Replying here many months late but I think this is the same thing that happened to my Mom's computer. She past away a year ago and now only my Dad uses it (mostly for e-mail). He noticed the monitor wouldn't bring up the display anymore a few days ago so called me for help about it. I thought the power supply had failed.
Went over to see it and first thing I saw when I opened the side panel was a small aluminum heatsink sitting on the bottom of the case. A wire runs through the middle and acts as a spring which is supposed to be held onto the mainboard by what looks like circuit jumpers with a hoop on top.
One of those was missing, then found after turning the case over and shaking some.
I was a little surprised to find this message here at bleepingcomputer.com when I searched for anything like this ever happening. Must be a manufacturing defect.
I put super glue onto the clip and pushed it back into the "CLIP2" holes where it had fallen out. Not long afterward I had the heatsink back in place, but before I did that I bent the wire spring to make it have less strain on the clips. No thermal paste available so I just slid the heatsink around on the chip surface hoping the old stuff would be good enough (was enough to be sticky).
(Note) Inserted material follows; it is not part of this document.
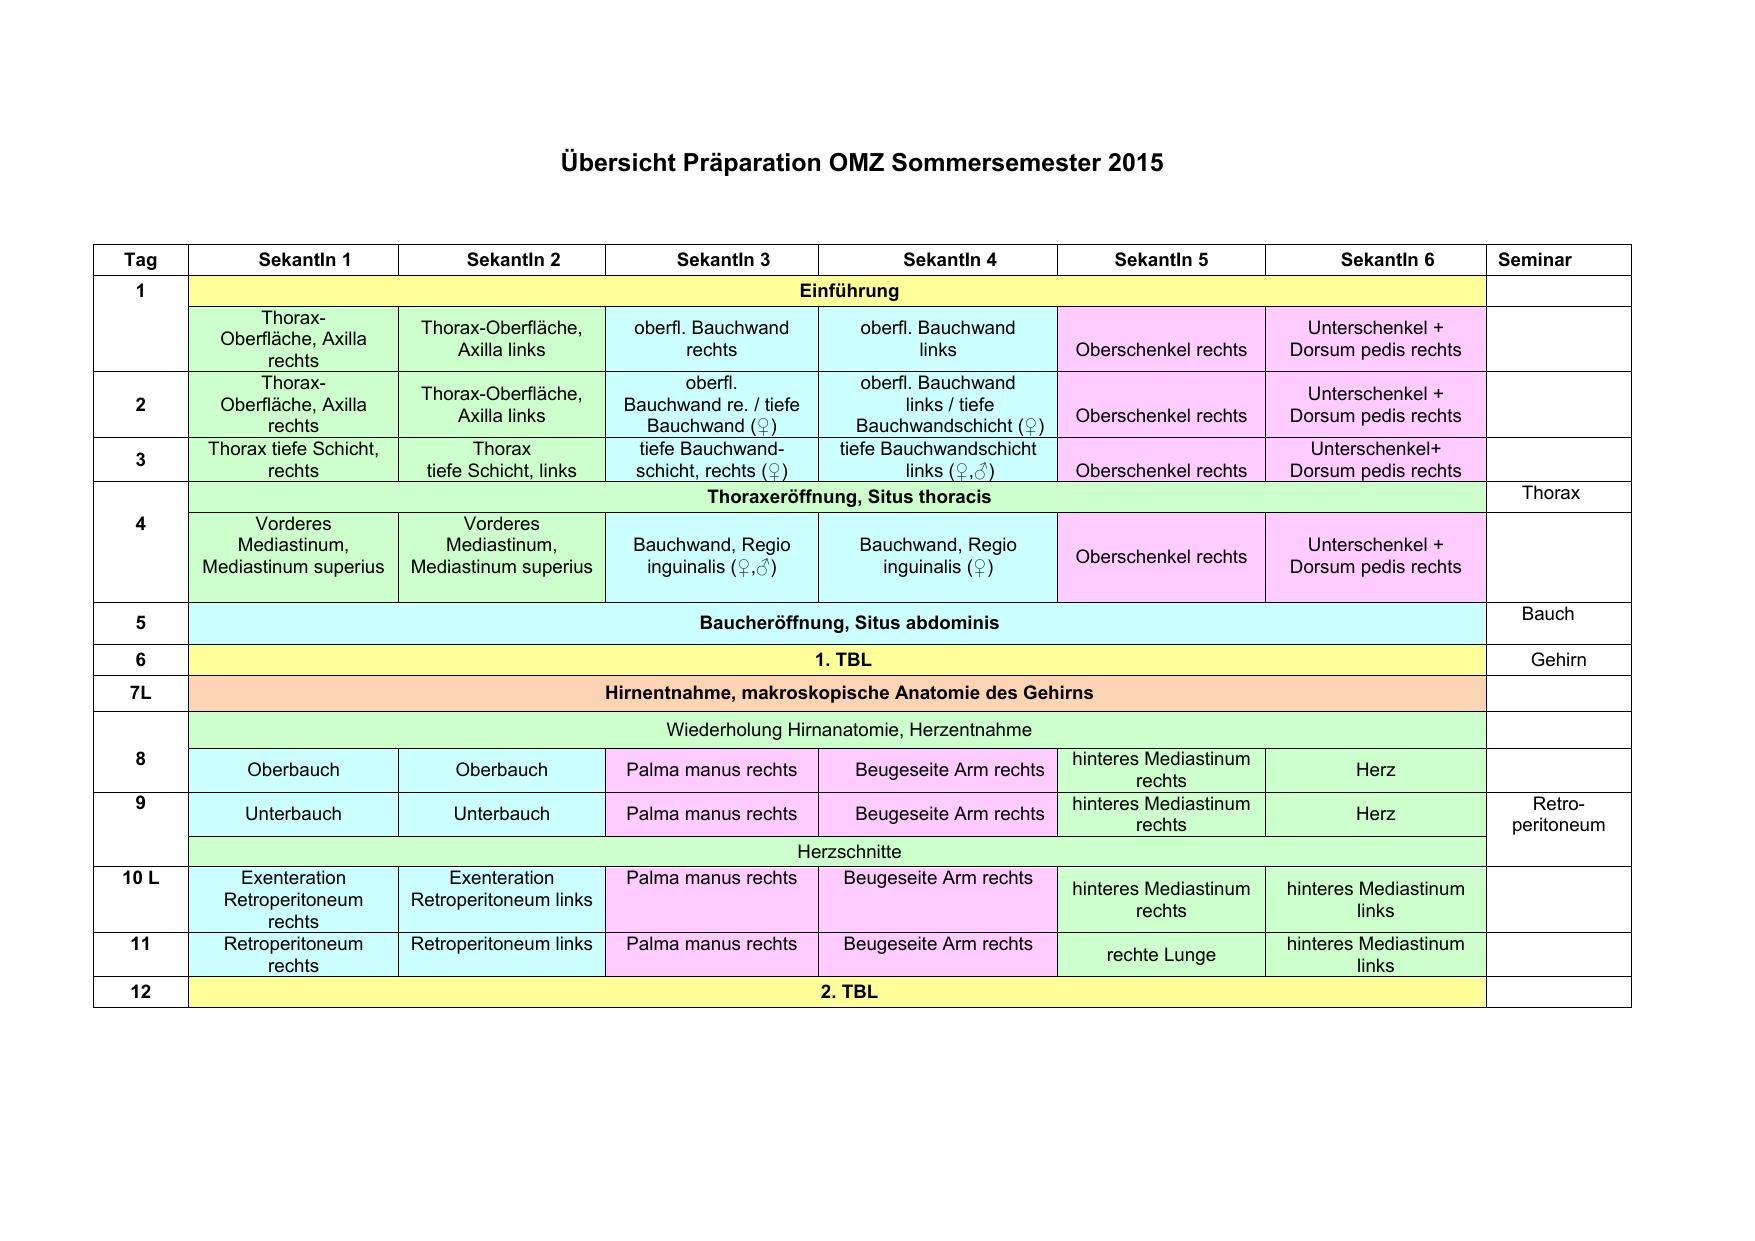 Übersicht Präparation OMZ Sommersemester 2015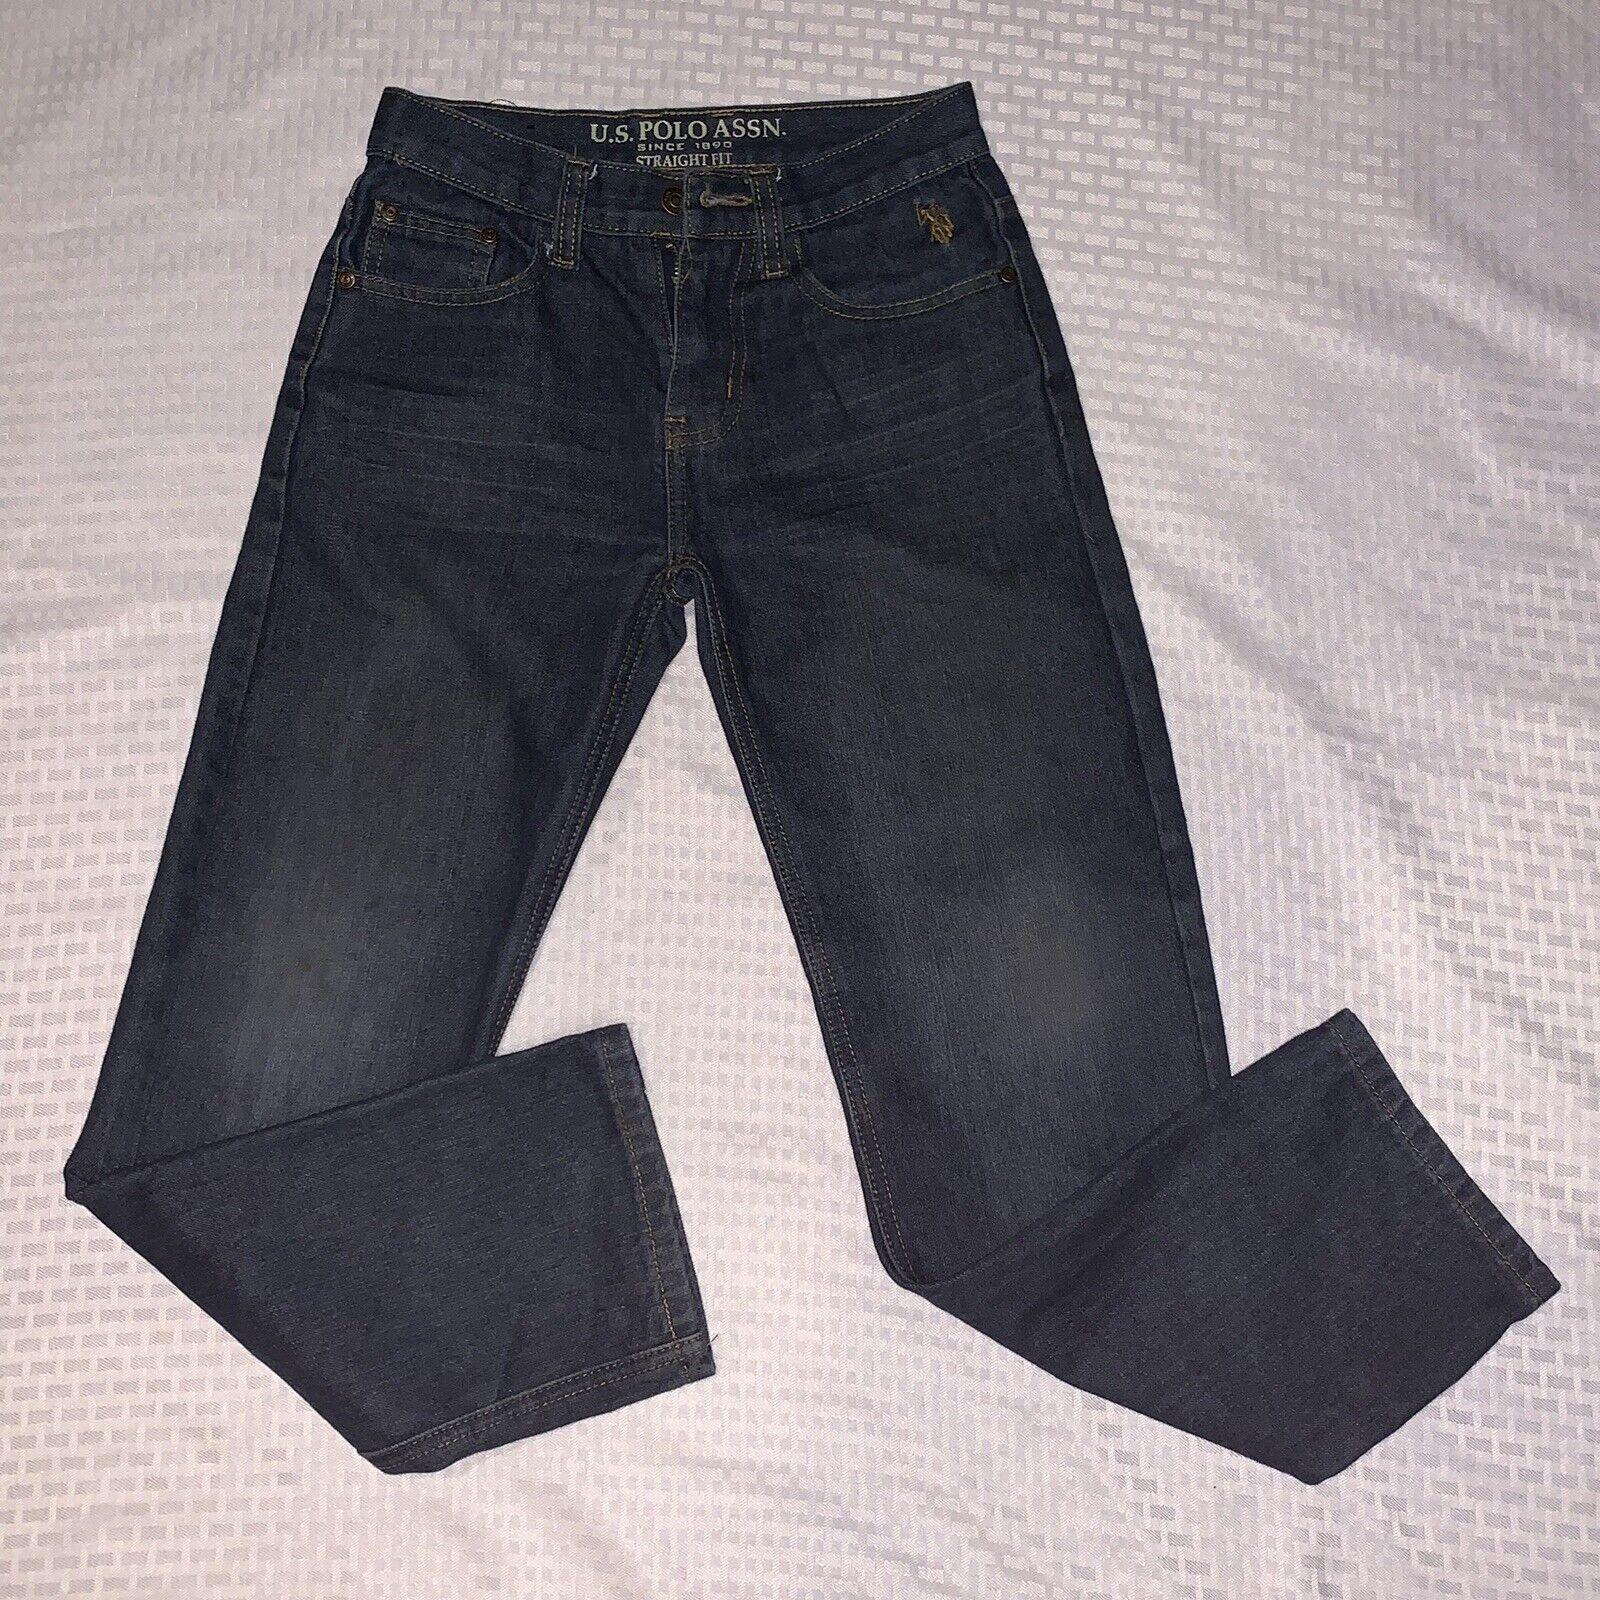 Polo Ralph Lauren Straight leg bluee Denim  Jeans, Womens Size 10

Anyway... this wasn't the CPU. I don't know what it was. Any printing on it was covered up by the paste. It's almost in the middle of the board between the CPU (which has a large heatsink and fan attached) and the power supply connector.
I had to disconnect the PSU from the board while unplugged from the wall and reconnect it after plugging the power cord into the wall, otherwise not doing so left the condition of the computer the same as before. Once the power was going in and the mainboard connector (actually two, small and large ones) for the power supply was reconnected I got a green solid light from the back of the PSU and all was okay.
Unfortunately, upon moving the computer back to its place on the desk it happened again, blinking green light and no power up from the front button. So apparently if the power ever goes out this will keep happening, but for now the fix (disconnect/reconnect PSU mainboard wires) is good.
I should add that this computer was always on, never off, because it bothered my parents to need to wake the computer up. Probably very lucky it is okay after not having a heatsink on one of the chips for however long a time it was. Or maybe it just happened recently and that caused a nearly immediate shutdown(?).
Hope this helps anyone with one of these HP's if something goes wrong.

Might be a good idea to look inside them anyhow... but then who is going to know to do that without reading things like this message thread here??